Using this notation, a front microphone signal for any microphone array 114 may be labeled generically with v_F , while a specific reference to a left front microphone signal associated with the left microphone array 114a may be labeled with v_LF and a specific reference to a right front microphone signal vector associated with the right microphone array 114b may be labeled with v_RF. Because many of the exemplary equations defined below are equally applicable to the signals received from either the left microphone array 114a or the right microphone array 114b, the generic reference notation is used to the extent applicable. However, the signals labeled in Figure 3 use the specific reference notation as both the left-side and right-side signal processing sections 308a,b are shown.

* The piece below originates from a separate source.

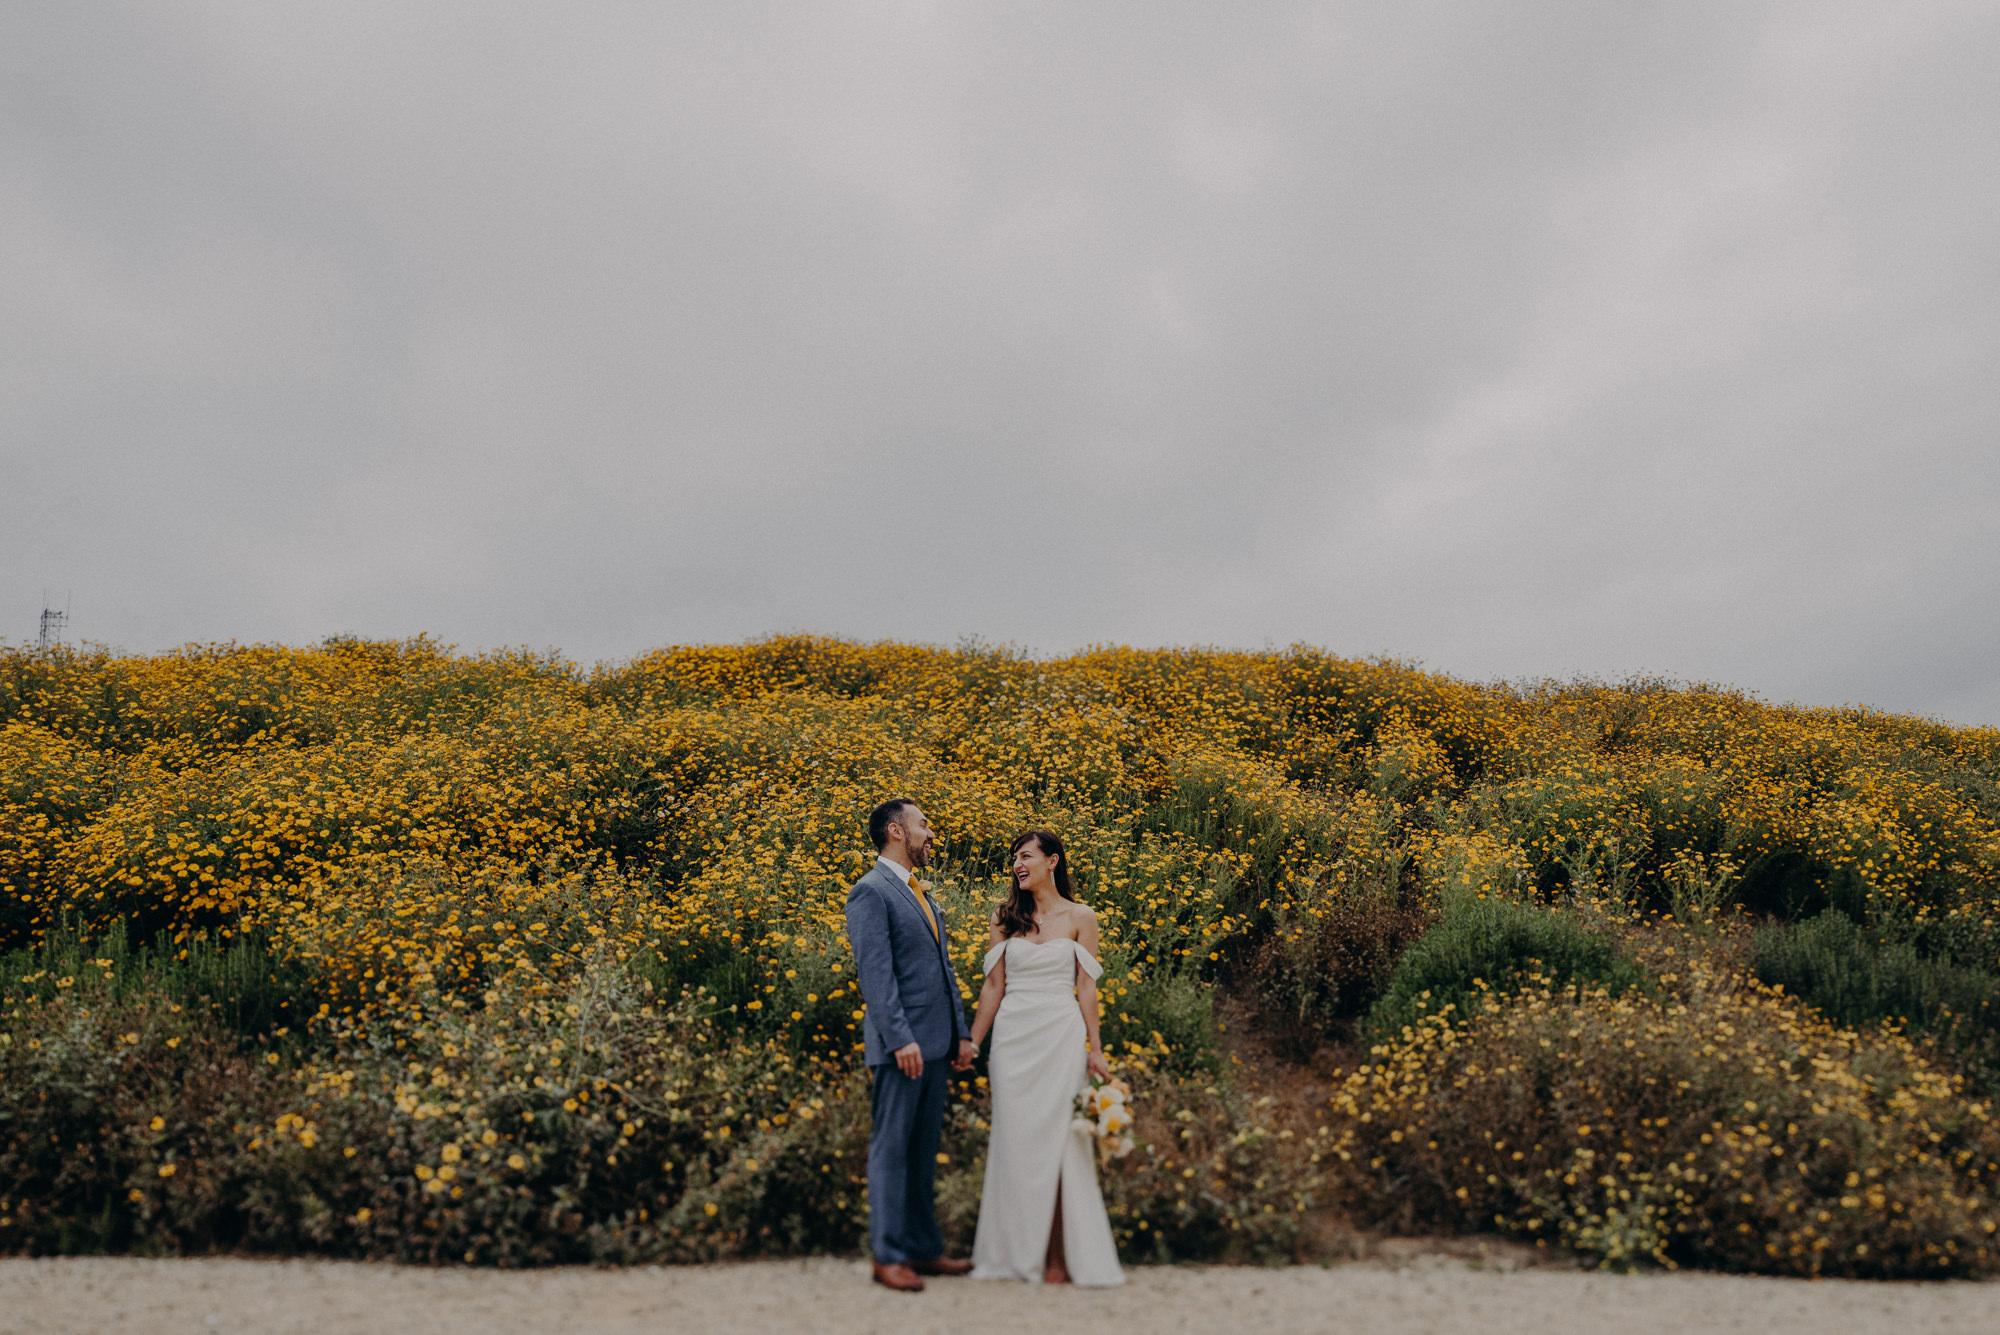 elopement photographer in los angeles - la wedding photographer - isaiahandtaylor.com-017.jpg

The microphones 116 generate a time-domain signal stream. With reference to Figure 3, the microphone array signals v include at least a front microphone signal vector v_F and a rear microphone signal vector v_R. The algorithm operates in the frequency domain, using short-term Fourier transforms (STFTs) 306. A left STFT 306a forms left microphone array signals V in the frequency domain, while a right STFT 306b forms right microphone array signals V in the frequency domain. The frequency domain microphone array signals V include at least a front microphone signal vector V_F and a rear microphone signal vector V_R. In a first signal processing stage, a front microphone processing block 310 (e.g., a left front microphone processing block 310a or a right front microphone processing block 310b) and a rear microphone processing block 312 (e.g., a left rear microphone processing block 312a or a right rear microphone processing block 312b) each receive both the front microphone signal vector V_F and the rear microphone signal vector V_R. Each microphone processing block 310, 312 essentially functions as a beamformer for generating a forward-pointing directional signal U_F and a rearward-pointing directional signal U_R from the two microphones 116 in each microphone array 114. To generate directional signals for a microphone array 114 a pair of cardioid signals X _+/- may first be computed using a known subtract-delay formula, as shown below in Equations 1 and 2: $X_{+} = delay \{V_{F}\} - V_{R}$
$X_{-} = delay \{V_{R}\} - V_{F}$
To obtain a cardioid response pattern, the delay value may be selected to match the travel time of an acoustic signal across the array axis. A DSP's delay may be quantized by the period of a single sample. At a sample rate of 48 kHz, for instance, the minimum delay is approximately 21 µs. The speed of sound in air varies with temperature. Using 70°F as an example, the speed of sound in air is approximately 344 m/s. Thus, a sound wave travels about 7 mm in 21 µs. In this manner, a delay of 4-5 samples at a sample rate of 48 kHz may be used for a distance between microphones of around 28mm to 35mm. The shape of the cardioid response pattern for the beam-formed directional signals may be manipulated by changing the delay or the distance between microphones.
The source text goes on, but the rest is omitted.